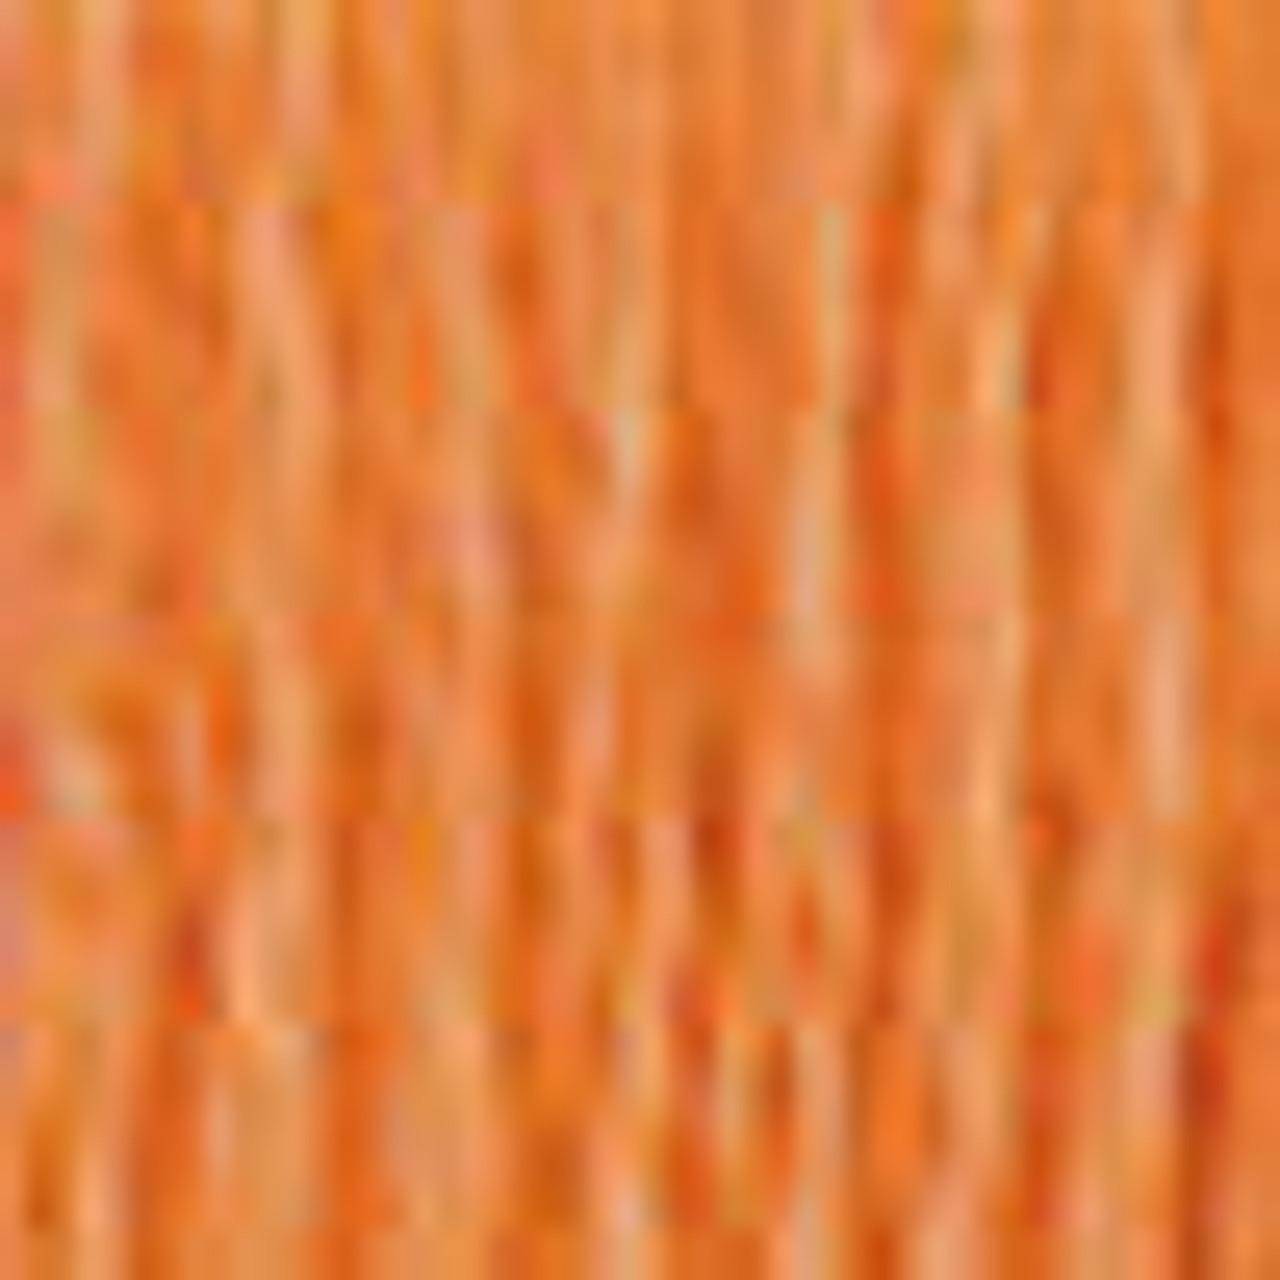 DMC # 922 Light Copper Floss / Thread
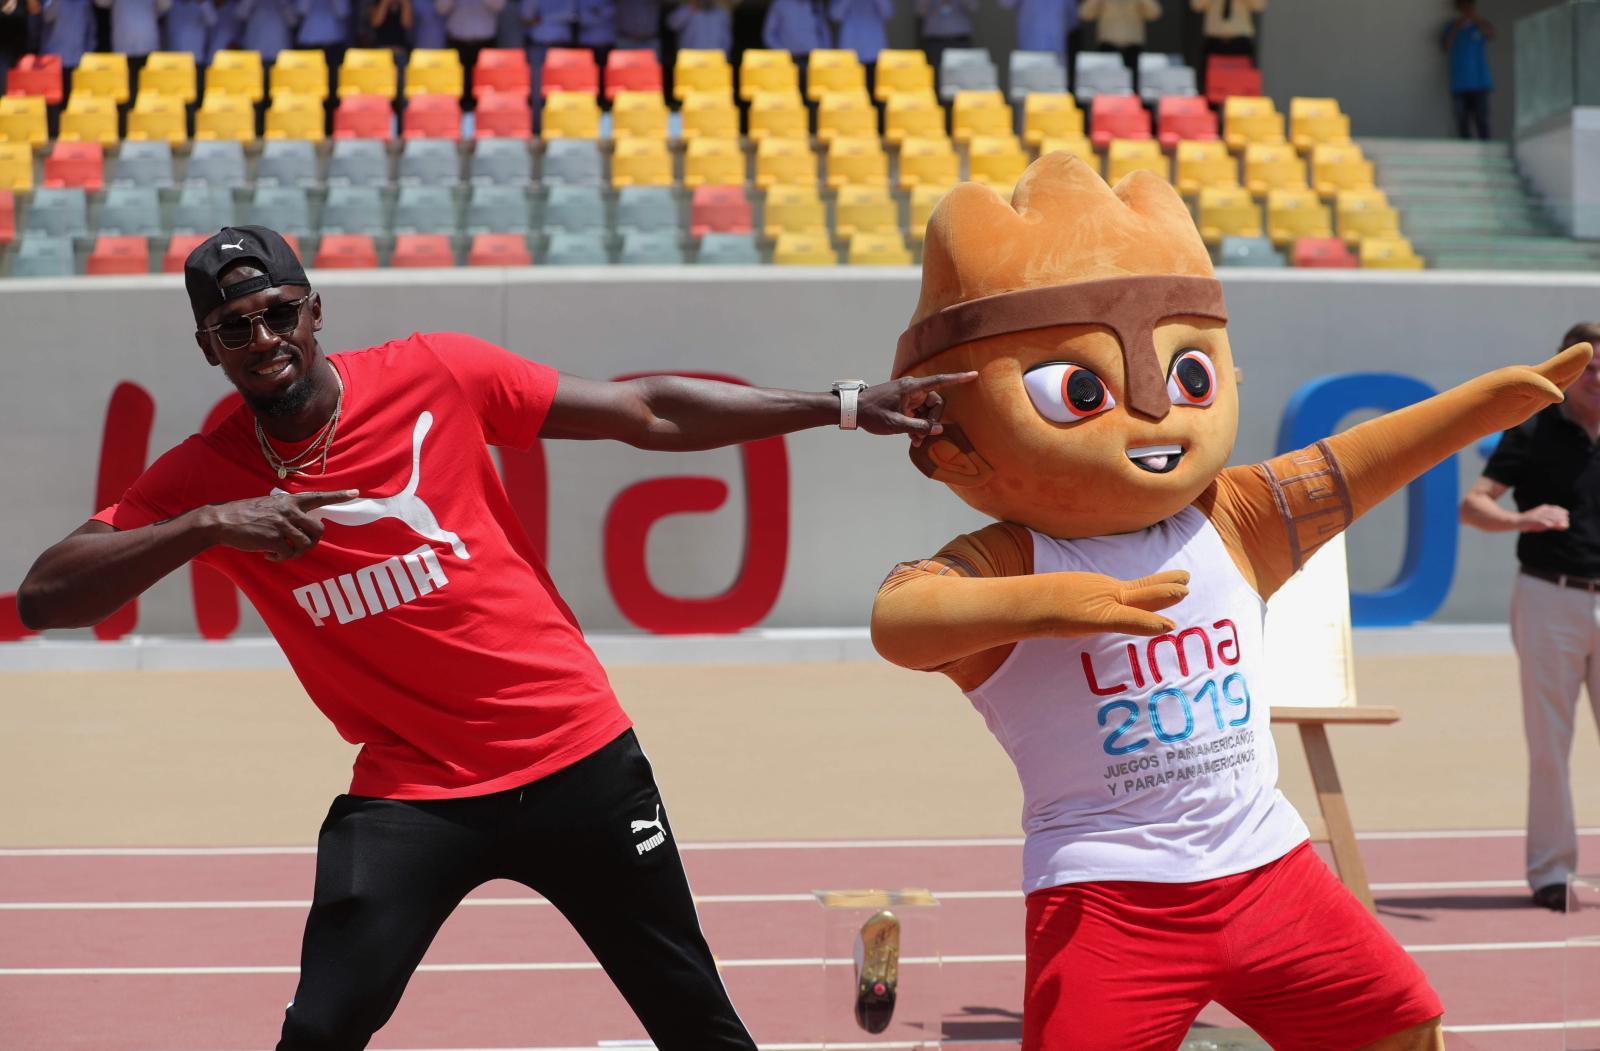 Usain Bolt odwiedził Limę, stolicę Peru. Fot. PAP/EPA/Ernesto Arias
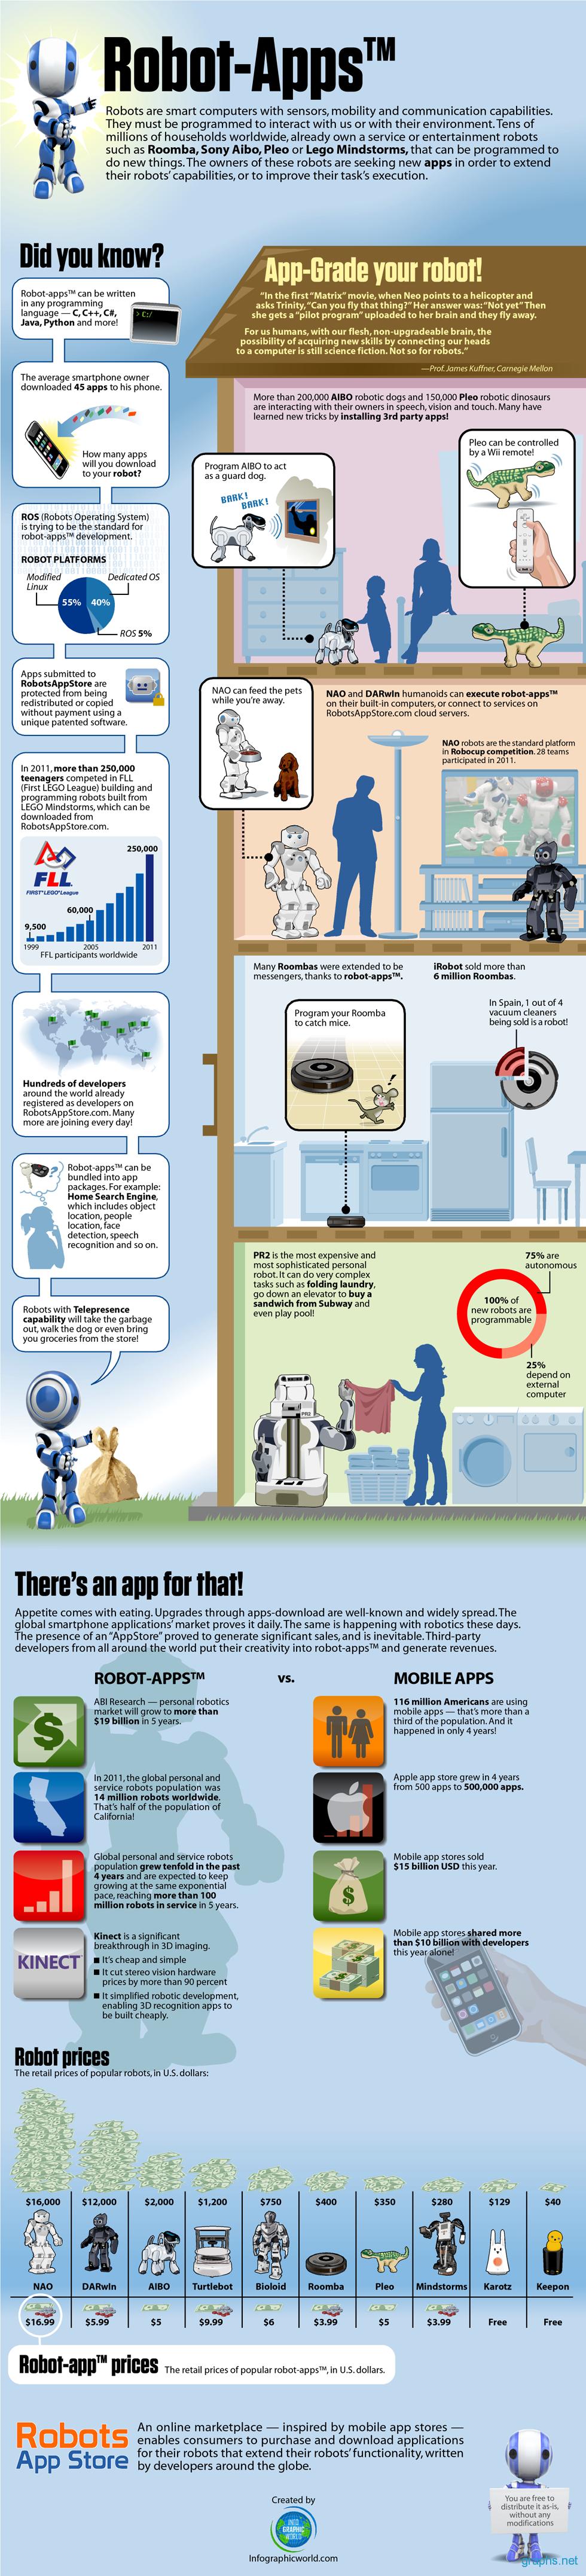 Robot Applications information
▬▬▬▬▬▬
▶ [EXERCISE OBJECTIVE]:
Nothing but the pictures is to be left out; the rest of the listing should be copied exactly.

▶ [OUTPUT OF THE TASK]:
 DMC # 922 Light Copper Floss / Thread
 Usain Bolt odwiedził Limę, stolicę Peru. Fot. PAP/EPA/Ernesto Arias
 Robot Applications information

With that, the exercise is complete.